Bending moment variation along the depth of the pile subjected to different lateral loads applied in both forward and reverse direction are given in Figs. 19,  20 and  21 for the three different slopes. The depth of fixity of pile under reverse loading is less than forward loading. Hence the pile subjected to reverse loading has greater load carrying capacity. For the same load, the value of M/M_(max)H is decreased as the slope is varied from 1V: 2H to 1V: 3H indicating that the flatter slope has less bending moment. The normalised bending moment vs normalised lateral load for all the three slopes in forward and reverse loading is shown in Fig. 22. Maximum bending moment value is more for pile in steeper slope than pile in flatter slope irrespective to the direction of loading. In each slope, bending moment values along the pile subjected to forward loading is more than the pile in reverse loading.

Fig. 19

a Normalized bending moment curve against z/D subjected to pull along the slope 1V: 2H. b Normalized bending moment curve against z/D subjected to pull against the slope 1V: 2H

Fig. 20

a Normalized bending moment curve against z/D subjected to pull along the slope 1V: 2.5H. b Normalized bending moment curve against z/D subjected to pull against the slope 1 V: 2.5H

Fig. 21

a Normalized bending moment curve against z/D subjected to pull along the slope 1V: 3H. b Normalized bending moment curve against z/D subjected to pull against the slope 1 V: 3H

Fig. 22

Variation of maximum bending moment

The relationship between M_max/M_(max)H and P/P_(max)H is given by performing regression analysis in Eqs. (10) and (11) for forward and reverse loading respectively.

$$\frac{{M_{{\max }} }}{{M_{{(\max )H}} }} = 1.1415 \times \left( {\frac{P}{{P_{{(\max )H}} }}} \right) + 0.1228 \times S$$

(10)

$$\frac{{M_{{\max }} }}{{M_{{(\max )H}} }} = 0.9999 \times \left( {\frac{P}{{P_{{(\max )H}} }}} \right) + 0.0974 \times S$$

(11)

The scatter plot between the measured and formulated values of M_max/M_(max)H for forward and reverse loading is given in Figs. 23 and 24. The R² is equal to 0.9808 and 0.9557 for both forward and reverse loading; hence the fit is in good agreement.

Fig. 23

Scatter plot for bending moment of pile in forward loading

Fig. 24

Scatter plot for bending moment of pile in reverse loading

Conclusion

Based on the experimental studies on the pile in horizontal and sloping ground subjected to forward and reverse lateral loading, the following conclusions are drawn:

• The increase in relative density from 25 to 45% increases the horizontal ground lateral capacity by 50%.

• The loading direction and the change in the ground surface are greatly influenced by the lateral load capacity of the pile.

• The lateral capacity of pile decreases by 91%, 84% and 79% for 1:2, 1:2.5 and 1:3 slopes than in horizontal ground when subjected to forward loading.

• The lateral capacity of pile decreases by 79%, 72% and 71% for 1:2, 1:2.5 and 1:3 slopes than in horizontal ground when subjected to reverse loading.

• The lateral load capacity of the pile in forward loading is 34.5% to 57.4% less than reverse loading depending on the flatter(1V: 3H) to steeper (1V: 2H)slope.

• Due to the reduction in the passive zone just ahead of the pile in the sloping ground, its lateral load capacity is less than the lateral load capacity of the pile in horizontal ground.
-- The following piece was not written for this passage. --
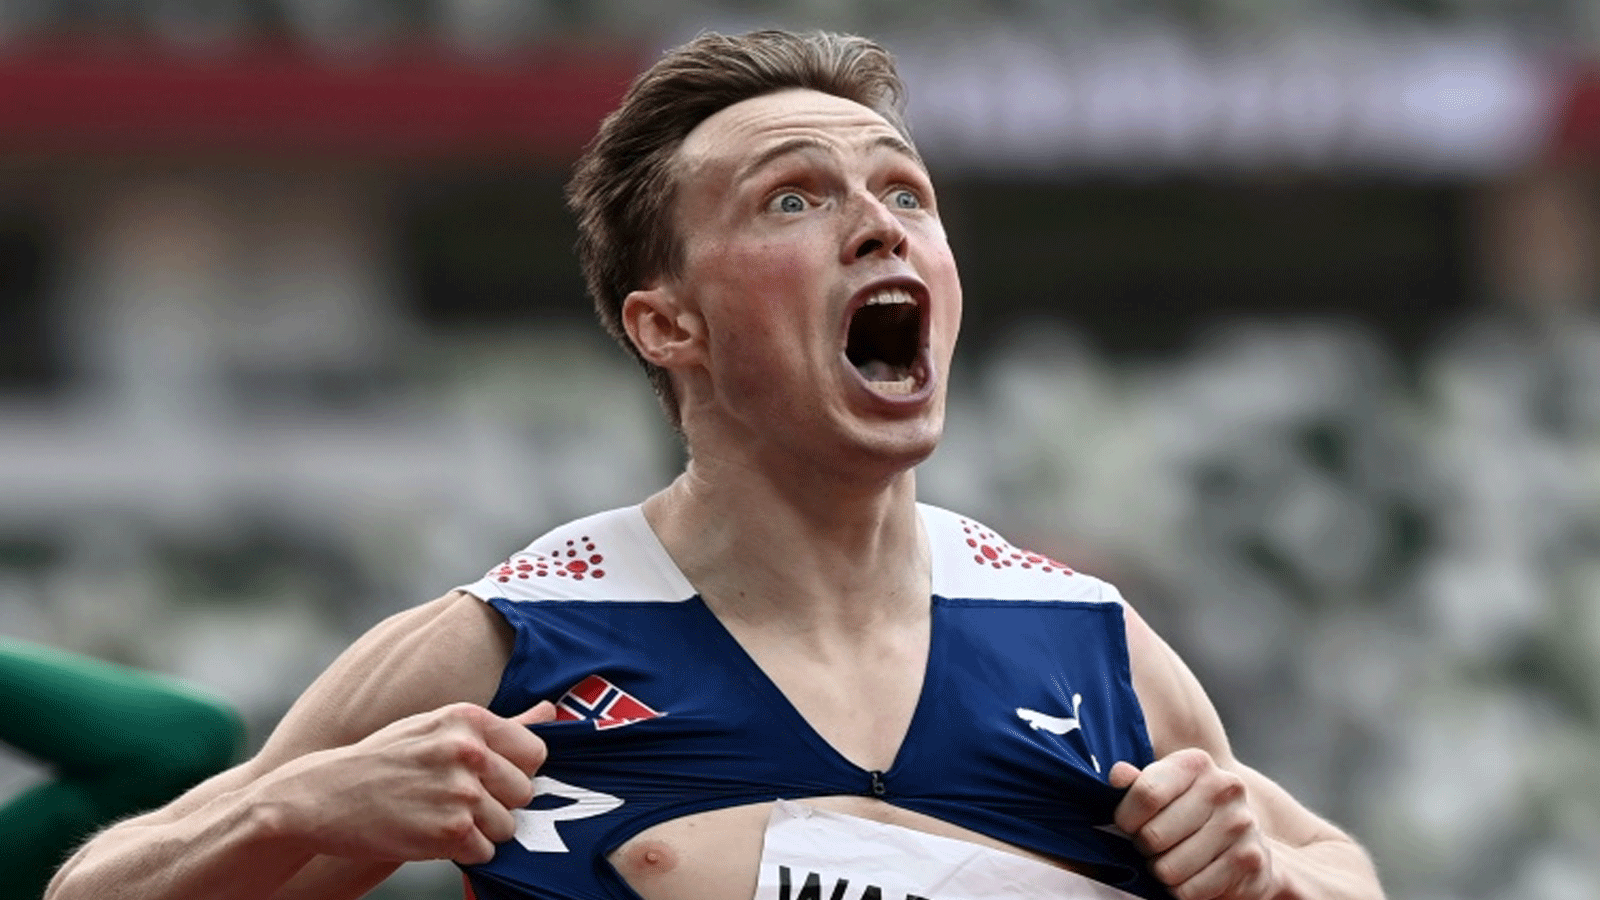 ردة فعل كارستن فارهولم بعد تحطيمه الرقم العالمي لسباق 400 م حواجز في أولمبياد طوكيو

However, the fixity depth of pile is in the range of 10 to 15 D for sloping ground compared to 4 to 6 D in the horizontal ground. Consequently, the maximum bending moment in the sloping ground is 2 to 5 times the maximum bending moment in the horizontal ground.

• Depth of fixity of pile is increased in case of forward loading than reverse loading due to the reduction of soil mass at the top.

• Maximum bending moment is increased in steeper slope than flatter slope due to the reduction of soil resistance.

• The passive resistance of soil in front of the pile is increased in reverse loading than forward loading.

• The equation to find out the depth of fixity, lateral deflection and the maximum bending moment of the pile under forward loading and reverse loading are given. These equations are applicable for the slope of 1V: 2H, 1V: 2.5H, 1V:3H.